According to personal clinical experience, regular intake of small doses of sauerkraut—7 g to 10 g (or about 1 tablespoon) daily—has a very good effect on many patients’ gastrointestinal tract. They report better digestion and less constipation. Allergic problems have not been observed. However, clinical studies are needed to support this anecdotal experience.
To evaluate the effect on the gut, further research would have to consider the amount and regularity of the intake of sauerkraut and its effect on digestive markers and clinical symptoms, including a possible benefit for weight control due to the low content of calories in connection with high content of fibers and vitamins 24).

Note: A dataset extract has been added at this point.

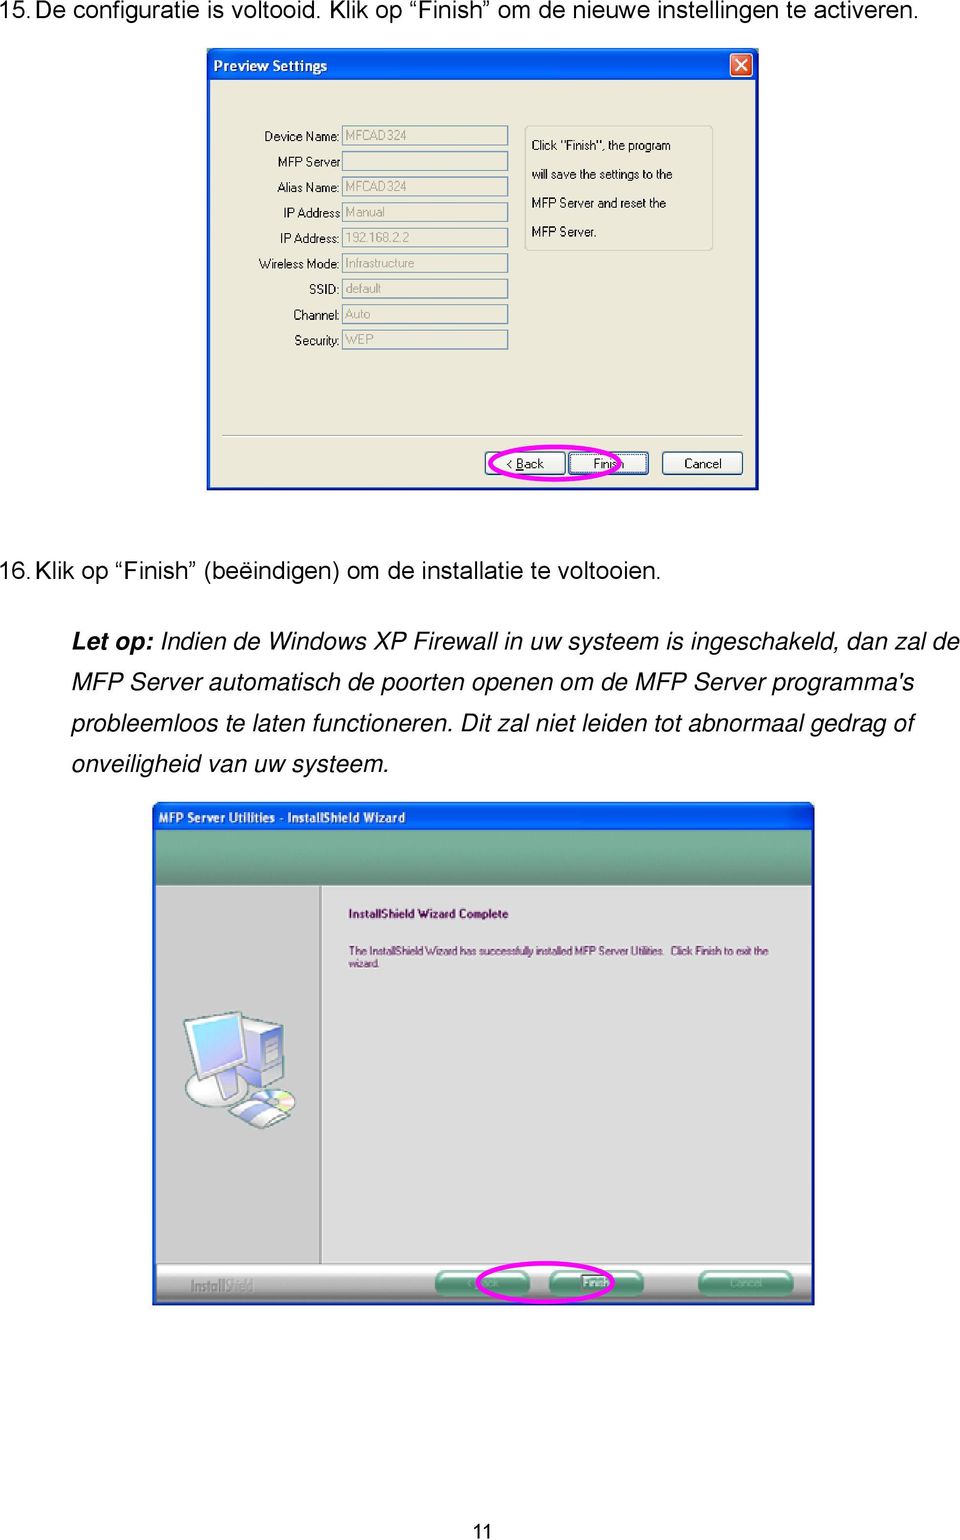 Let op: Indien de Windows XP Firewall in uw systeem is ingeschakeld, dan zal de MFP Server automatisch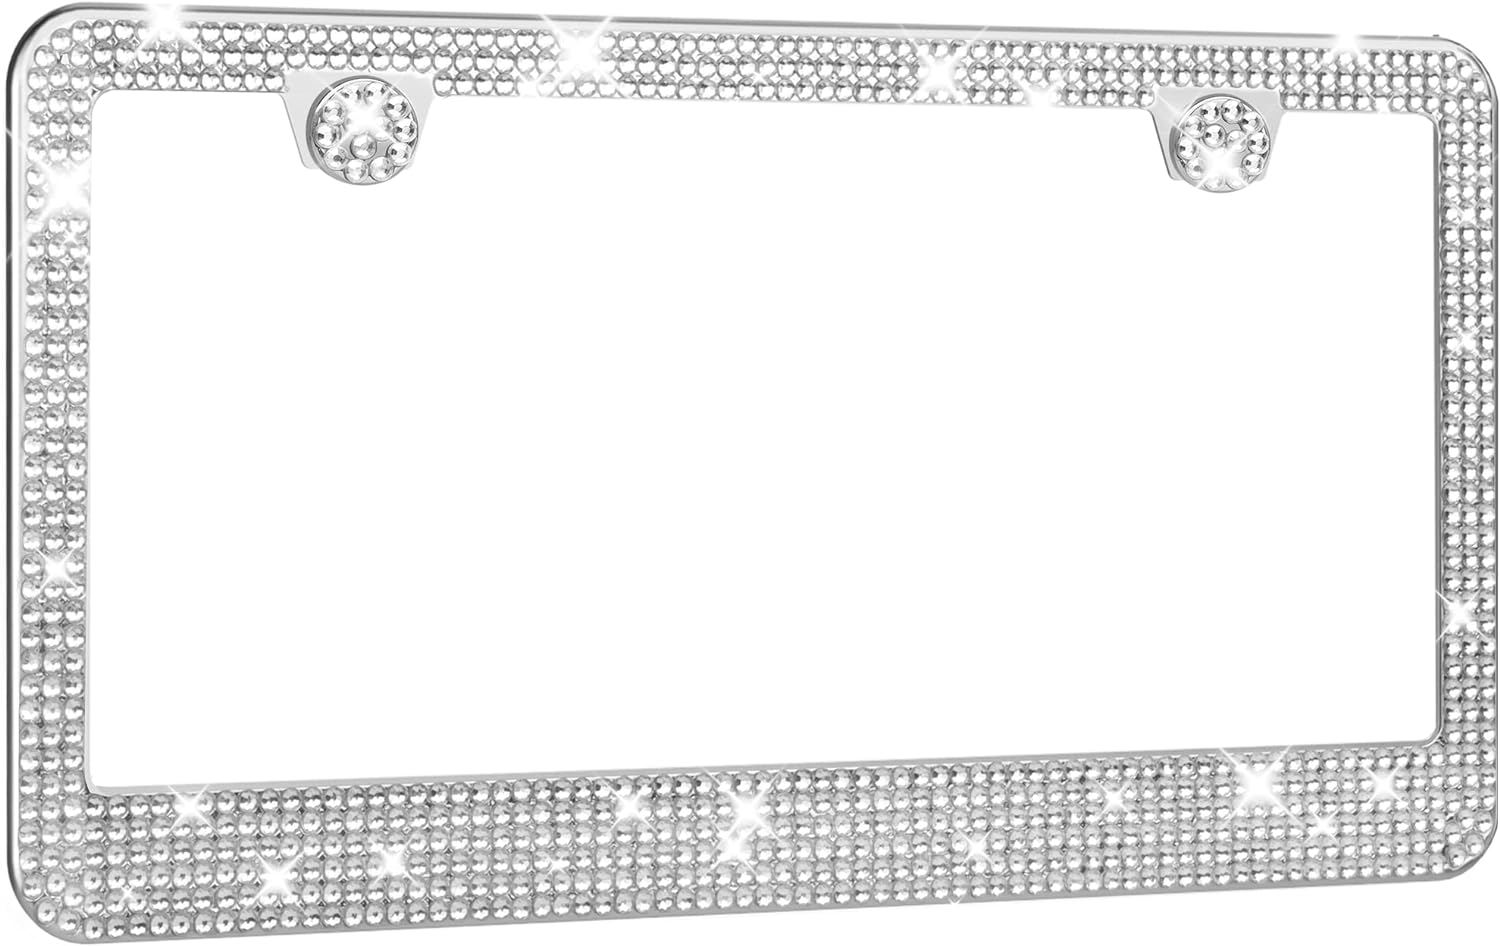 Aujen License Plate Frame - Lastingly Bling License Plate Frame - Sparkly Rhinestone License Plate Frame for Women - Stainless Steel

The Interaction of Sauerkraut With Monoamine Oxidase Inhibitors
Monoamine oxidase inhibitors (MAOIs) inhibit the activity of the monoamine oxidase enzyme family and therefore are prescribed for the treatment of depression, anxiety disorders, obsessive compulsive disorders, and Parkinson’s disease. There is evidence that MAOIs are likely to interact with complementary remedies or food supplements like St John’s wort 25) or gingko 26). Due to its dangerously high concentrations of tyramine, sauerkraut appears on MAOI diet–restricted food lists 27). However, the concentration of tyramine as well as other biogenic amines shows a broad variation in samples of sauerkraut. A very early study by Kalac et al 28) found variations of mean tyramine concentrations in different studies between 25 mg/kg and 89 mg/kg. In the authors’ own experiments, they found tyramine concentrations of six Czech manufacturers between 107 mg/kg and 436 mg/kg, with the lowest concentrations found in household preparations of sauerkraut. These results are underpinned by another study by Kalac et al 29), which found significant lower biogenic amine levels in sauerkraut being isolated from bacteria from shredding machines, transporters, and silos. Moreover, sauerkraut inoculated with L plantarum or Microsil also showed significantly lower concentrations of tyramine. Finally, the same working group found a relationship between storage time and tyramine concentration with significantly higher concentrations of tyramine in long-stored sauerkraut 30). Thus, dietary restrictions for sauerkraut have to take type, preparation, and storage time of sauerkraut into account.